Background information
- Born: 8 December 1939 (age 86) Belfast, Northern Ireland
- Genres: Classical, Celtic, pop
- Occupation: Flute player
- Years active: 1950s–present
- Labels: RCA Red Seal, Deutsche Grammophon/Universal Classics
- Spouse: Jeanne, Lady Galway
- Website: www.jamesgalway.com

= James Galway =

Irish flute player (born 1939)

Sir James Galway (born 8 December 1939) is an Irish virtuoso flute player from Belfast, nicknamed "The Man with the Golden Flute". After several years working as an orchestral musician, he established an international career as a solo flute player. In 2005, he received the Brit Award for Outstanding Contribution to Music at the Classic Brit Awards.

==Early life==
Galway was born in North Belfast as one of two brothers.
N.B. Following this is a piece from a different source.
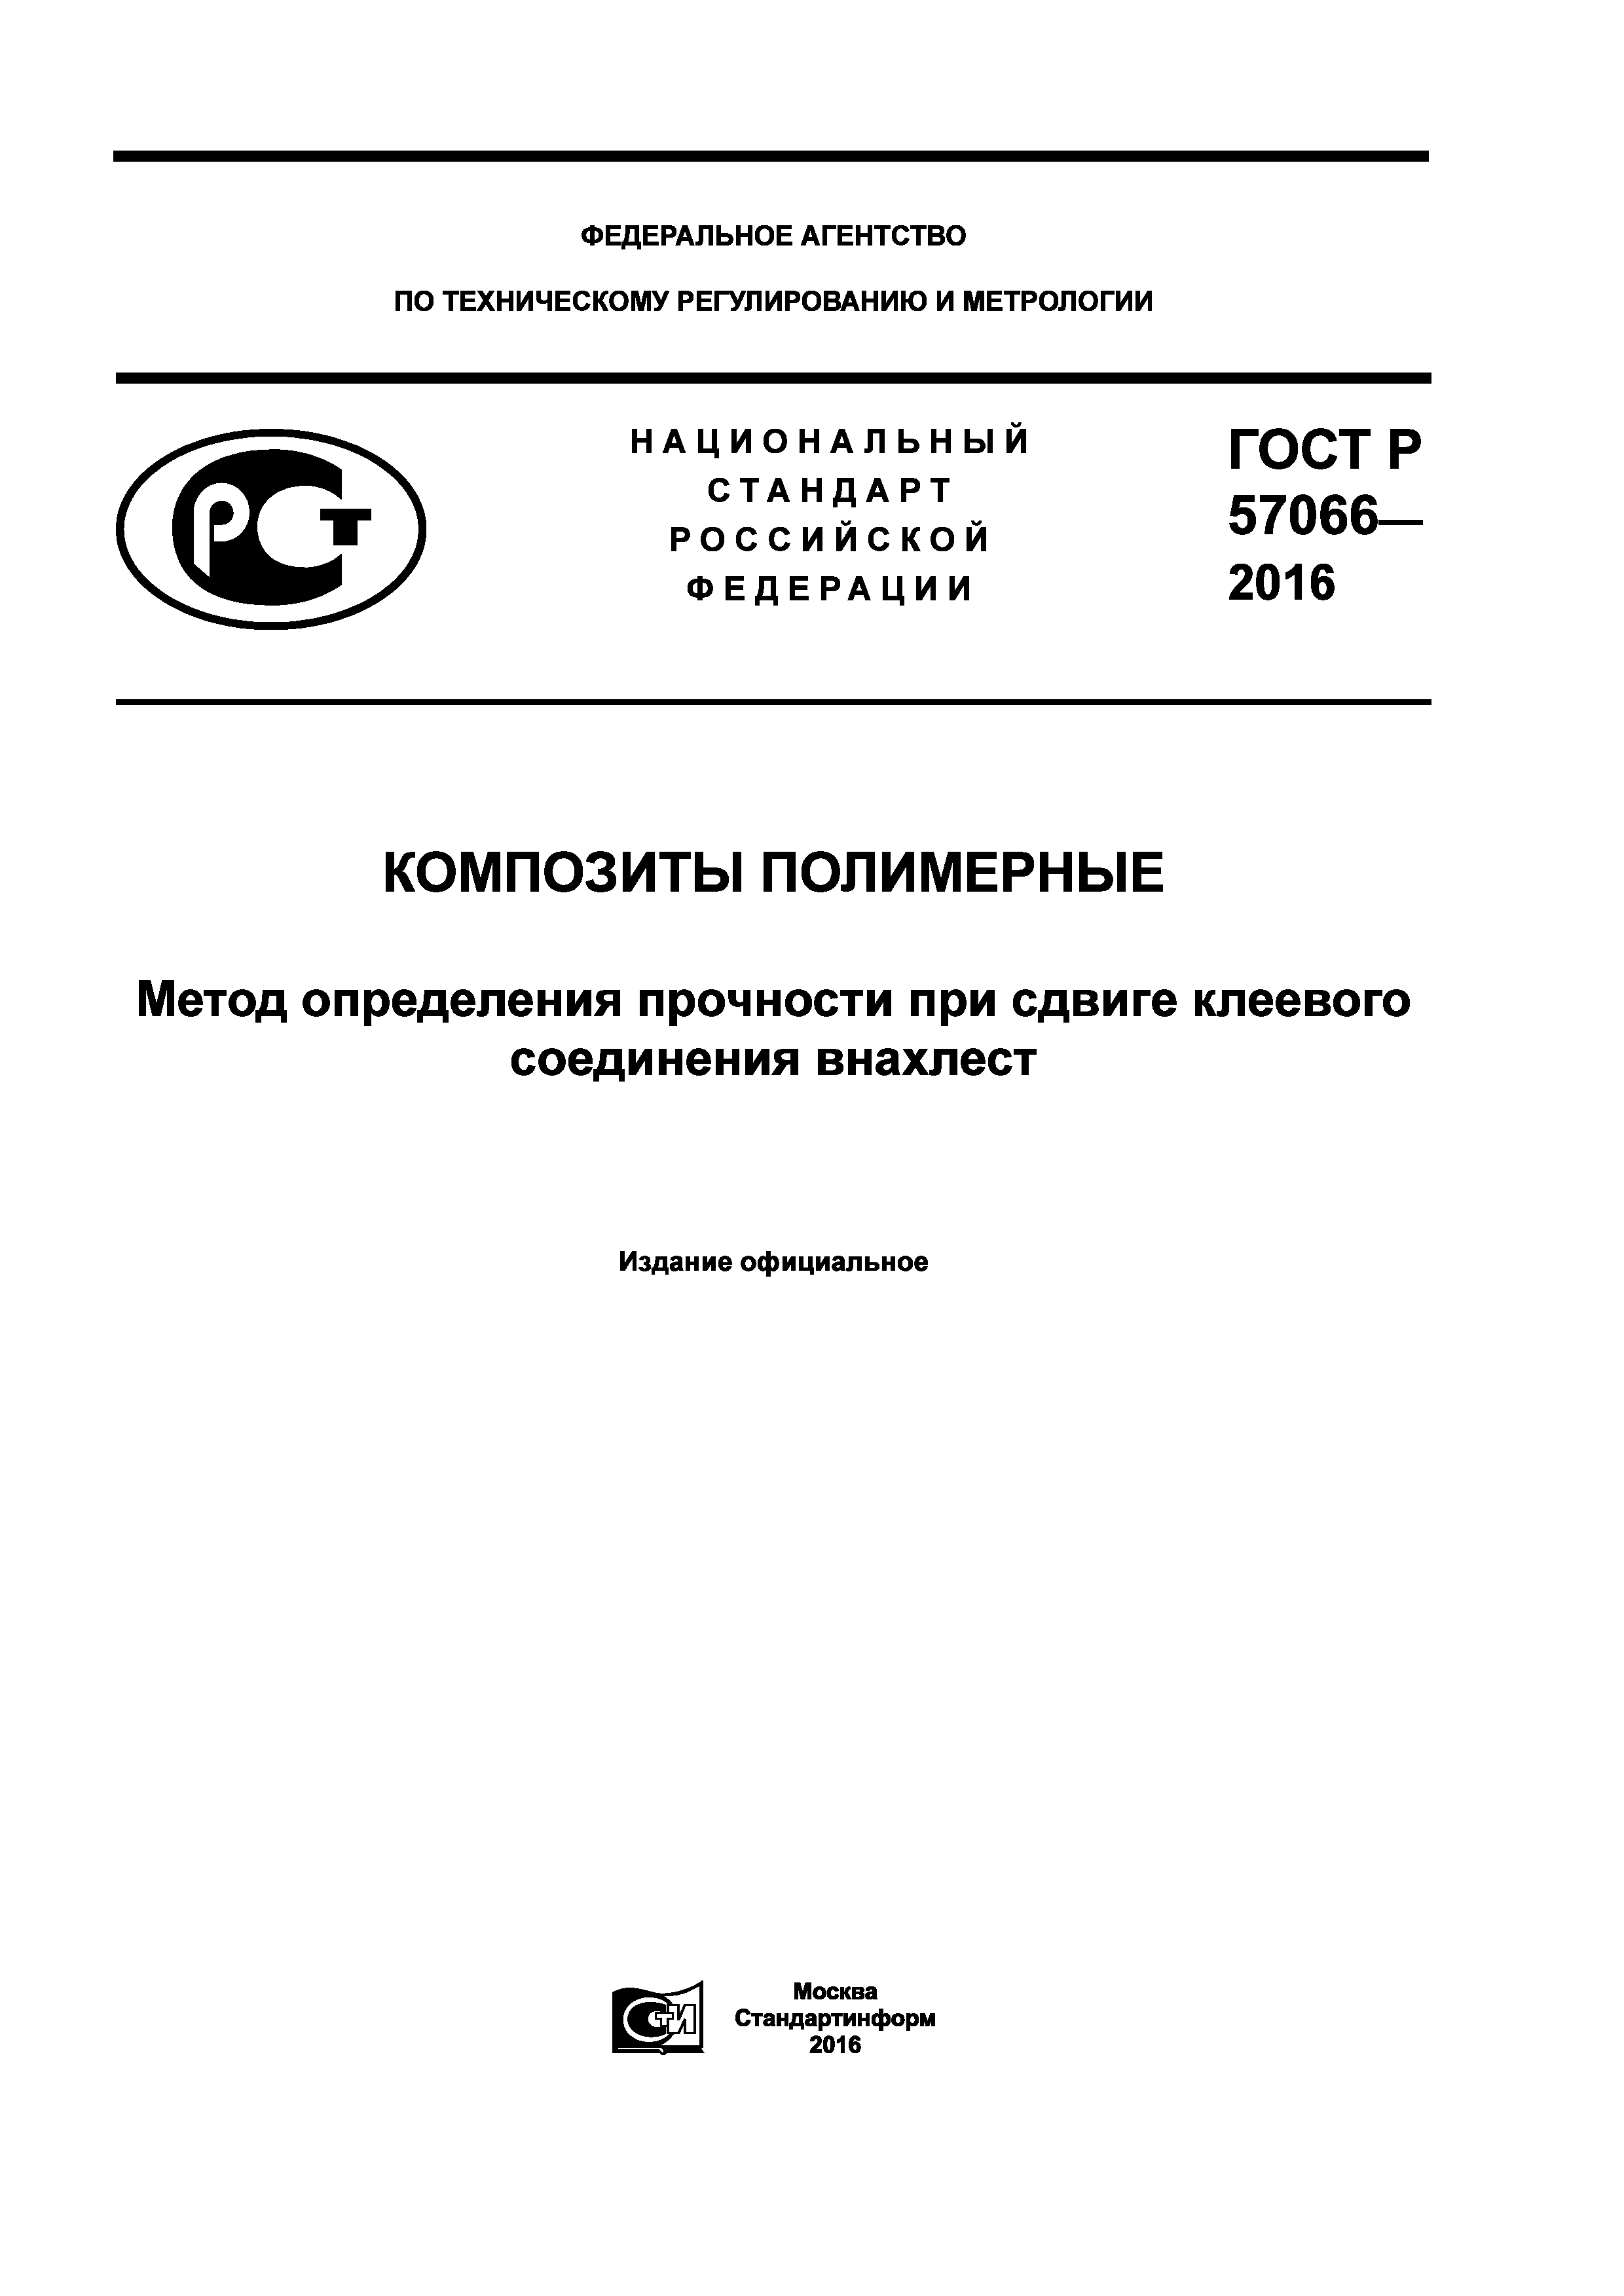 ГОСТ Р 57066-2016

His father, who played the flute, was employed at the Harland & Wolff shipyard until the end of the Second World War and spent night-shifts cleaning buses after the war, while his mother, a pianist, was a winder in a flax-spinning mill. Raised as a Presbyterian and surrounded by a tradition of flute bands and many friends and family members who played the instrument, he was taught the flute by his uncle at the age of nine and joined his fife and drum corps. At the age of eleven Galway won the junior, senior, and open Belfast flute Championships in a single day. His first instrument was a five-key Irish flute, and at the age of twelve or thirteen, he received a Boehm instrument.

==Education and career==

Galway was educated at Mountcollyer Secondary Modern School in Belfast. He left school at the age of fourteen and worked as an apprentice to a piano repairer for two years.

He subsequently studied the flute at the Royal College of Music under John Francis and at the Guildhall School of Music under Geoffrey Gilbert. He then briefly studied at the Paris Conservatoire under Gaston Crunelle. While in Paris, he asked for lessons from the celebrated French flute player Jean-Pierre Rampal, who offered him advice on his playing, but felt he was already too good a flute player to need lessons from either Rampal or the conservatory. He left Paris to take up his first orchestral flute-playing job at Sadler's Wells Opera in London.

He went on to spend fifteen years as an orchestral player. In addition to Sadler's Wells, he played with Covent Garden Opera, the London Symphony Orchestra and the Royal Philharmonic Orchestra. He auditioned for the Berlin Philharmonic Orchestra under Herbert von Karajan and was principal flute in the orchestra from 1969 to 1975. To Karajan's surprise and dismay, after a period of some disagreement, Galway decided that he would leave to pursue a solo career.

In 1982 Galway was the featured guest star on the Andy Williams Early New England Christmas special, broadcast on CBS.

In addition to his performances of the standard classical repertoire, he features contemporary music in his programmes, including new flute works commissioned by and for him by composers including David Amram, Malcolm Arnold, William Bolcom, John Corigliano, John Wolf Brennan, Dave Heath, Lowell Liebermann and Joaquín Rodrigo. The album James Galway and The Chieftains in Ireland by Galway and The Chieftains reached number 32 in the UK Albums Chart in 1987.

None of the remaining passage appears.